Ron Daniels, former dean of the Faculty of Law, raised tuition 320 per cent. MEDIA PHOTO

The choice of Ron Daniels as a recipient of an honorary degree from U of T’s law school is causing controversy among students critical of moves Daniels made during his time as dean ­— specifically, the massive tuition increases he oversaw. Daniels, who headed U of T Law from 1995 to 2005, has been president of Johns Hopkins University since 2009 — after spending four years as provost of the University of Pennsylvania. An alumnus of U of T Law, he is slated to receive an honorary Doctor of Laws degree at the law school’s commencement ceremony, scheduled for June 6.

The choice was first criticized by law school student Daanish Samadmoten in an op-ed for Ultra Vires, the law school’s student newspaper. Calling the decision to honour Daniels “insulting,” Samadmoten was unequivocal in his assessment of the former dean’s record. “Daniels believed that his vision to transform U of T Law into a world class institution could only be achieved by increasing tuition,” wrote Samadmoten, claiming that “the policies Daniels implemented were both unnecessary and ineffective.”

The decision Samadmoten is referencing took place in the wake of the provincial government’s 1998 deregulation of tuition for professional programs. According to Samadmoten, Daniels increased tuition from $3,808 to $16,000 — a 320 per cent hike. Since Daniels’s departure, tuition has continued to steadily rise. Next year, first-year students will be charged more than $30,000.

The Students’ Law Society (SLS), the law school’s student government, expressed some support of Samadmoten’s views. Speaking on behalf of the SLS, Brendan Stevens noted that the society “has expressed concern to our Faculty’s administration about this choice.” Stevens went on to note that “while Mr. Daniels has had an illustrious career and is no doubt deserving of recognition for his contributions to the law school, the timing of this speech is concerning.” Tuition fees this year have become a major bone of contention between the SLS and the administration.
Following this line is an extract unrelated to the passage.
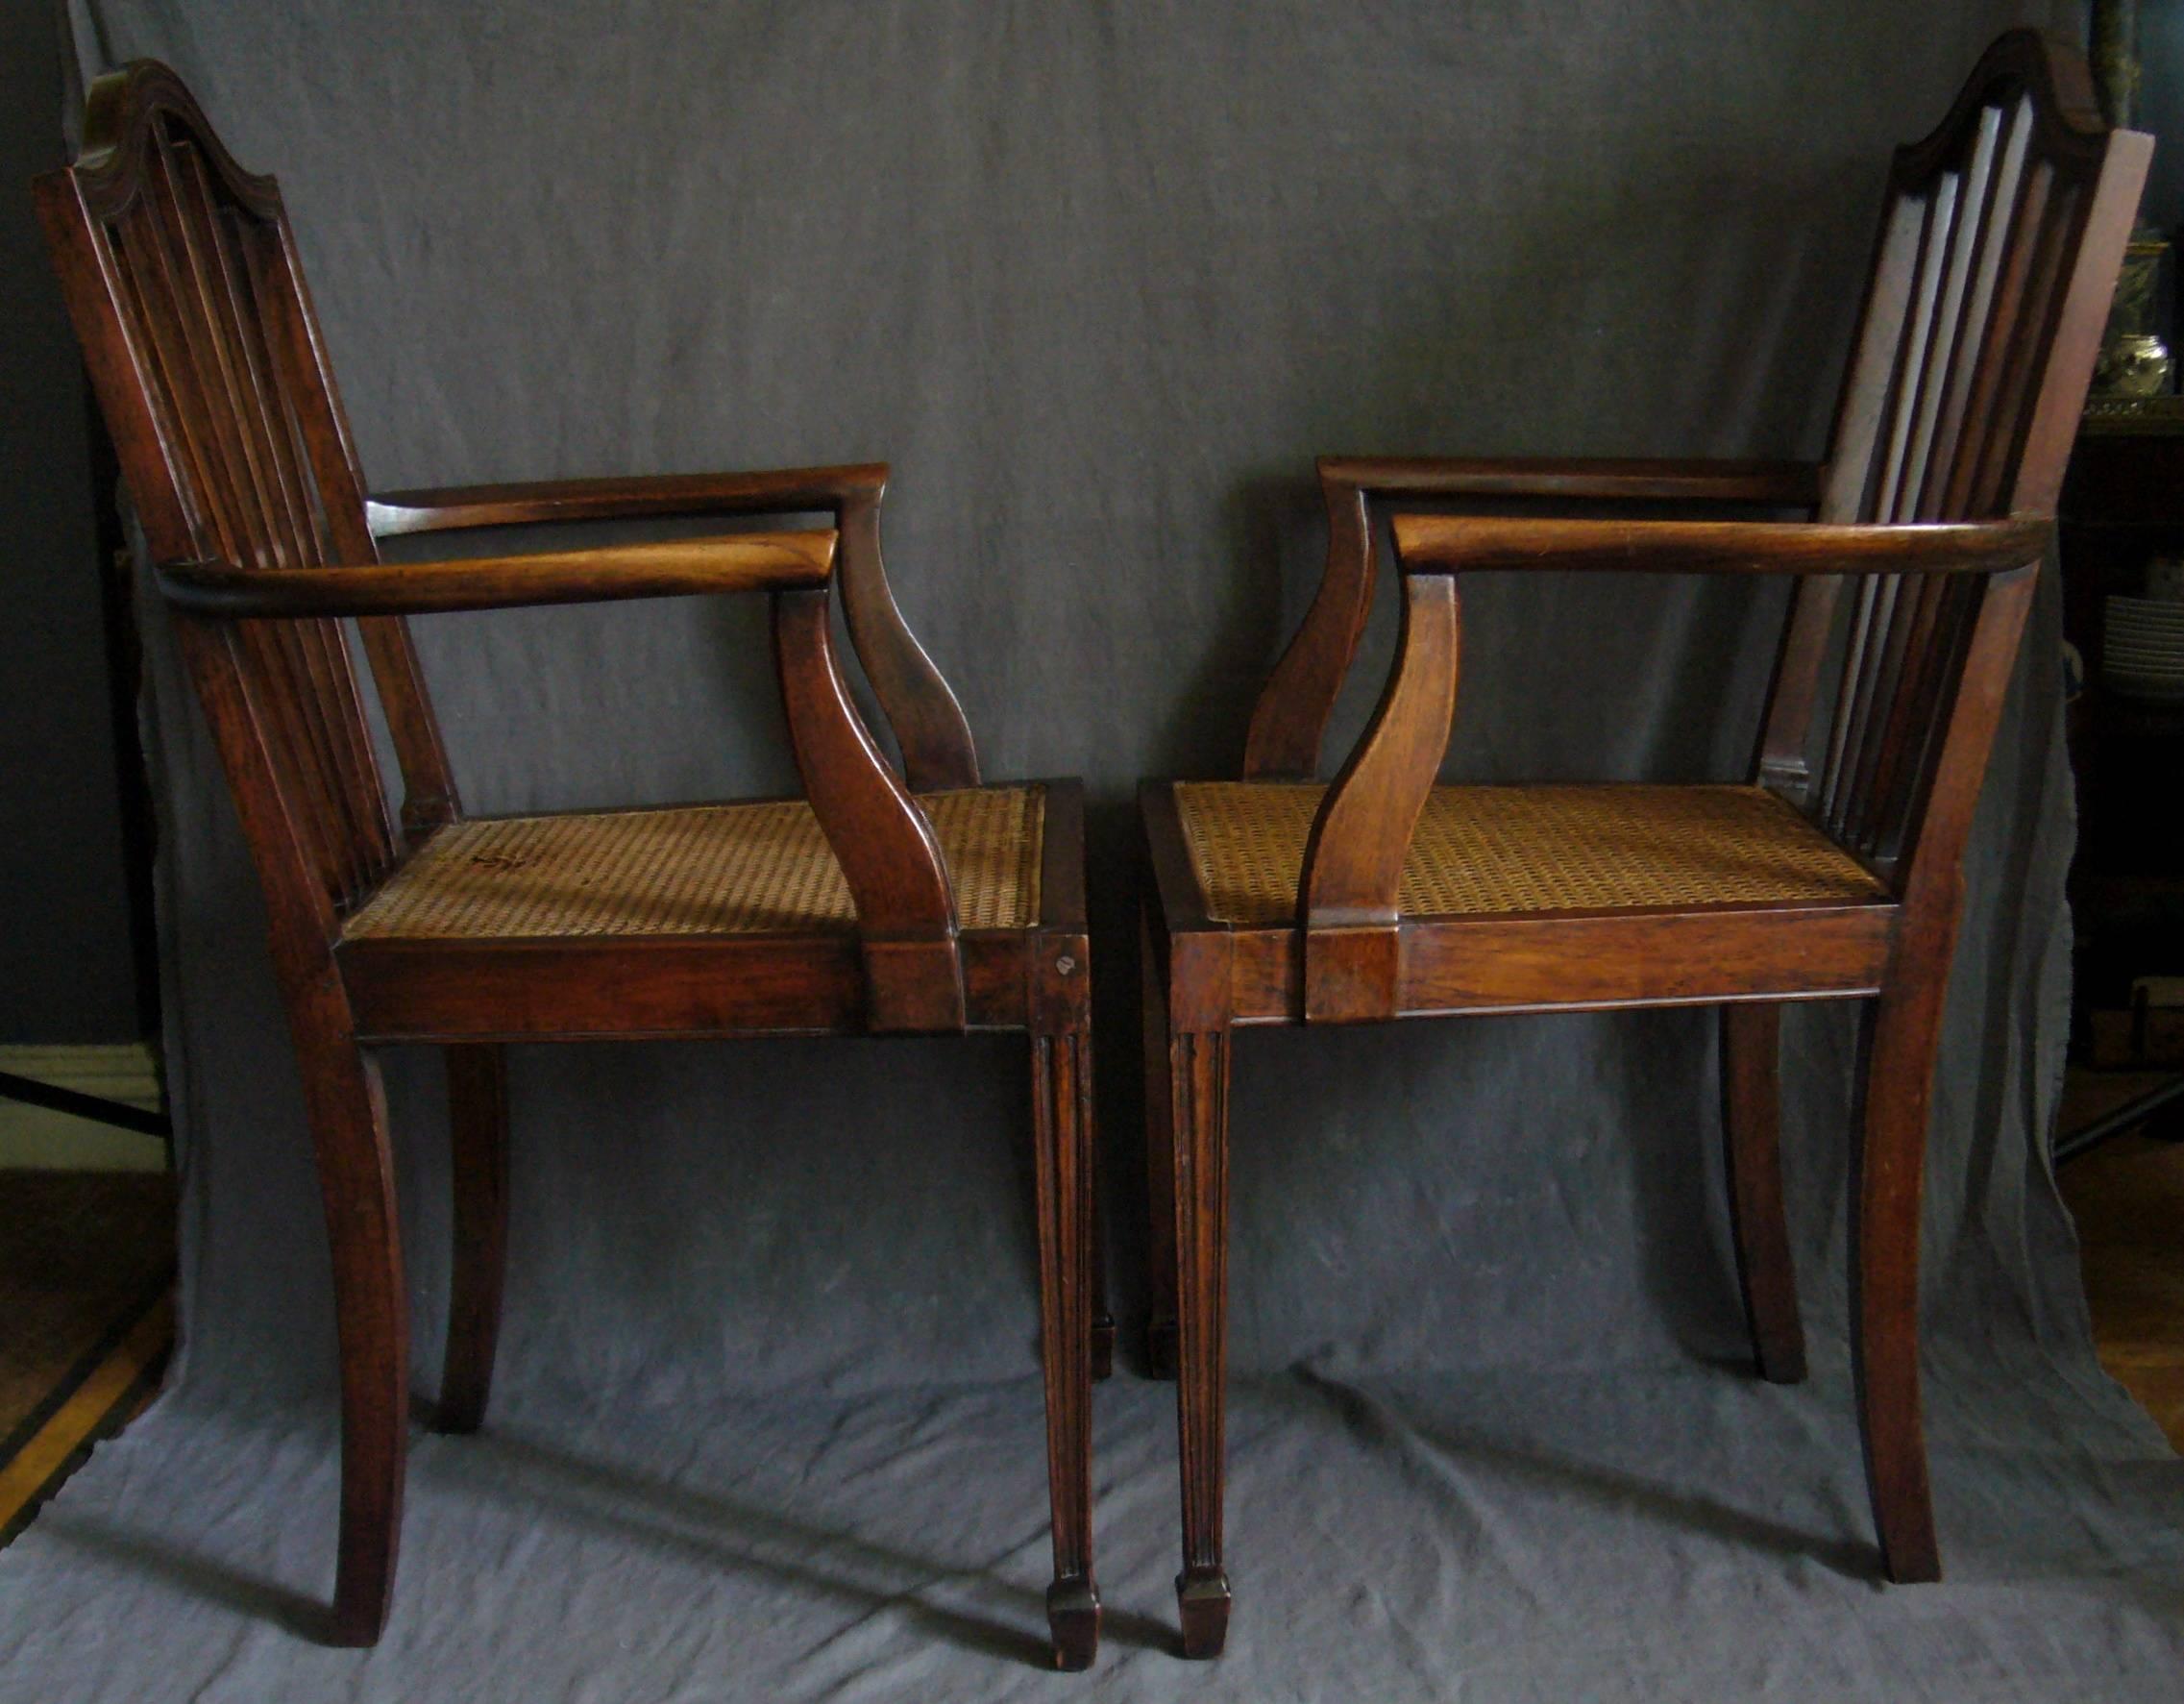 Pair of George III style mahogany armchairs. Serpentine crested mahogany slatted back armchairs with caned seat and fluted legs, England, circa 1930. 
Dimension: 21

Standing in stark contrast to both Samadmoten and Stevens, outgoing law school dean Mayo Moran praised Daniels and his tenure at the law school. “While Dean of U of T Law, Ron Daniels believed that this could be one of the world’s great law schools, which indeed it has become,” said Moran. “To achieve that objective, he increased the resources base of the law school through public and private funding.”

Moran also stressed the importance of other programs that Daniels pushed during his time as dean, including the International Human Rights Program, the high school outreach program, Law in Action Within Schools, and Pro Bono Students Canada. She went on to mention the financial aid structures pioneered by Daniels, noting that the former dean pushed for the “introduction of a purely needs-based extremely progressive financial aid program which, among other elements, includes this country’s only post-graduation debt relief program.”

Despite the administration’s support of Daniels, Samadmoten stands by his criticism. He reiterated that “the best possible resolution would be for the convocation speaker to be changed to someone else.” However, he noted that a change was unlikely, and the move hints at a larger problem. Samadmoten said the choice “indicate[s] support for [Daniels’s] vision of U of T Law,” a philosophy that “demonstrates [the] continued belief that tuition costs need to increase significantly every year in order for the school to improve.”